No início de junho de 1972, os militares acuaram os guerrilheiros Miguel Pereira, o Cazuza, Rosalindo Souza, o Mundico (que teria sido justiçado pelos companheiros), e Maria Lúcia Petit da Silva, a Maria. Marra gritou para Júlio: “Derruba um deles. Pelo menos, um”. Júlio mirou no ombro de um guerrilheiro e atirou. “Por causa do ferimento na perna direita, o comunista machucado inclinou-se para o lado direito e dobrou levemente os joelhos. Esses movimentos fizeram com que o tiro, que deveria pegar no ombro, o atingisse na cabeça, do lado esquerdo. O corpo caiu no solo e ali ficou, sem mover-se. Júlio sabia o que tinha acontecido. Quis não acreditar que acabara de matar mais uma pessoa”, relata Klester.

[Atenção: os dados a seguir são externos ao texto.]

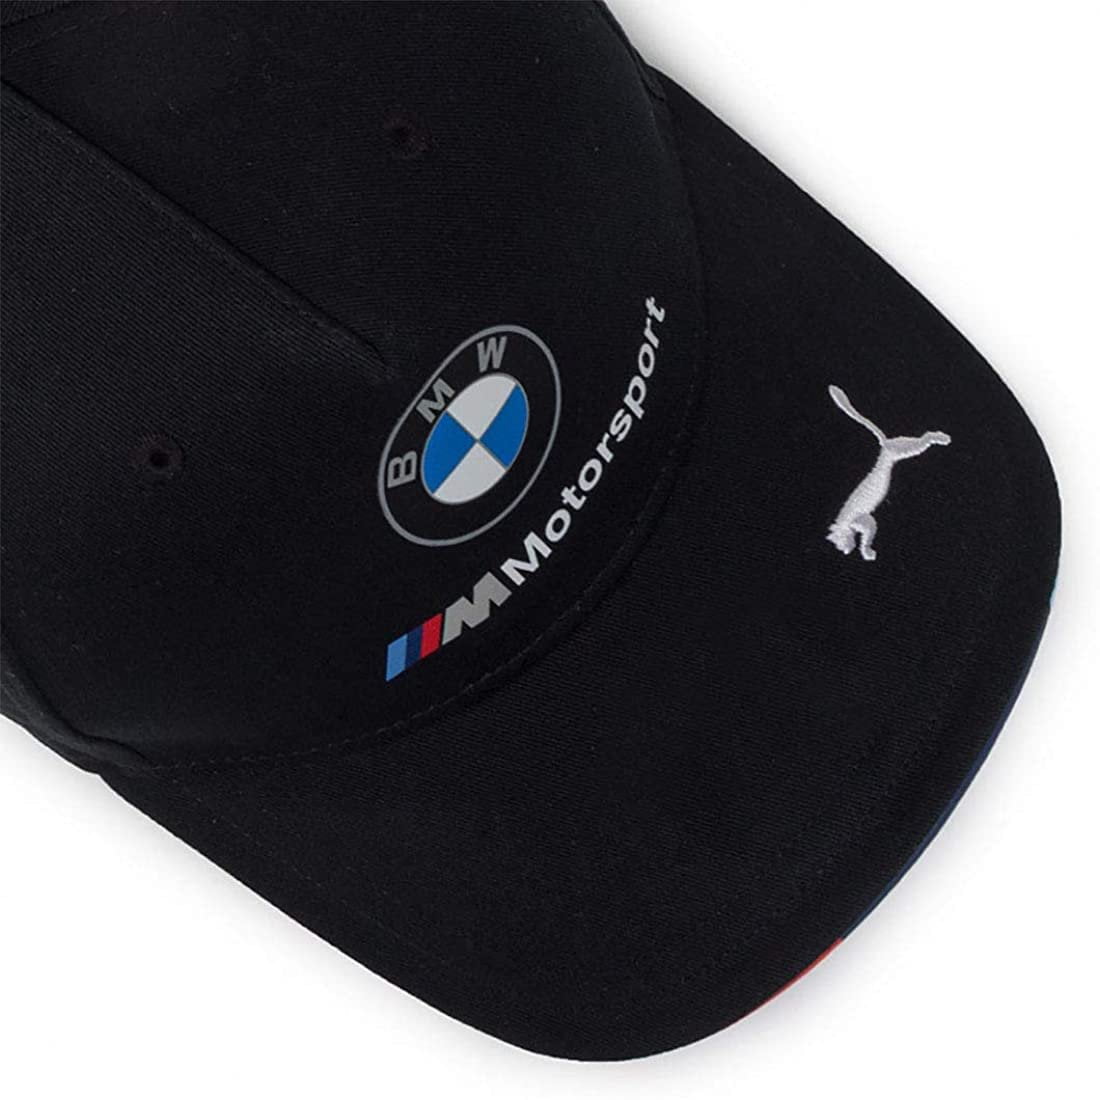 PUMA x BMW M Motorsport Team Adjustable Snapback Baseball Cap Hat Black

Quando ouviu que havia matado uma “moça”, Júlio ficou ainda mais perturbado. Marra o recriminou: “Não era para matar, Julão”. Detalhe: a história relatada por Klester não estava registrada — até 2006 — em nenhum outro livro sobre a Guerrilha do Araguaia. Trata-se de um furo de reportagem publicado em livro. “Mata! — O Major Curió e as Guerrilhas no Araguaia” (Companhia das Letras, 443 páginas, publicado em 2012), do jornalista Leonencio Nossa, relata: “João Coioió e a mulher, Lazinha, posseiros amigos de Maria Lúcia Petit, contaram ao delegado Marra que a guerrilheira apareceria no sítio, na manhã seguinte, para buscar mantimentos que o casal tinha comprado a seu pedido. Marra e um grupo de soldados fizeram tocaia dentro da casa. Maria Lúcia se aproximou do sítio. Estava acompanhada de Cazuza e Mundico, que a ajudaria a carregar a compra. Um homem da equipe do delegado, Júlio Santana, de dezoito anos [na verdade, tinha 17], atirou nos guerrilheiros, acertando a cabeça de Maria Lúcia. Cazuza e Mundico escaparam”. A fonte da informação é Sebastião Rodrigues de Moura, o Major Curió, um dos militares mais bem informados sobre a Guerrilha do Araguaia. Os depoimentos de um dos algozes dos guerrilheiros do PC do B e de alguns moradores da região confirmam a versão de Júlio Santana.
Pelos serviços prestados ao Exército, Júlio recebeu 1.200 cruzeiros, cerca de cinco salários mínimos da época, e ganhou uma farda. Parece ter ficado mais feliz com o fardamento do que com o dinheiro. (E.F.B.)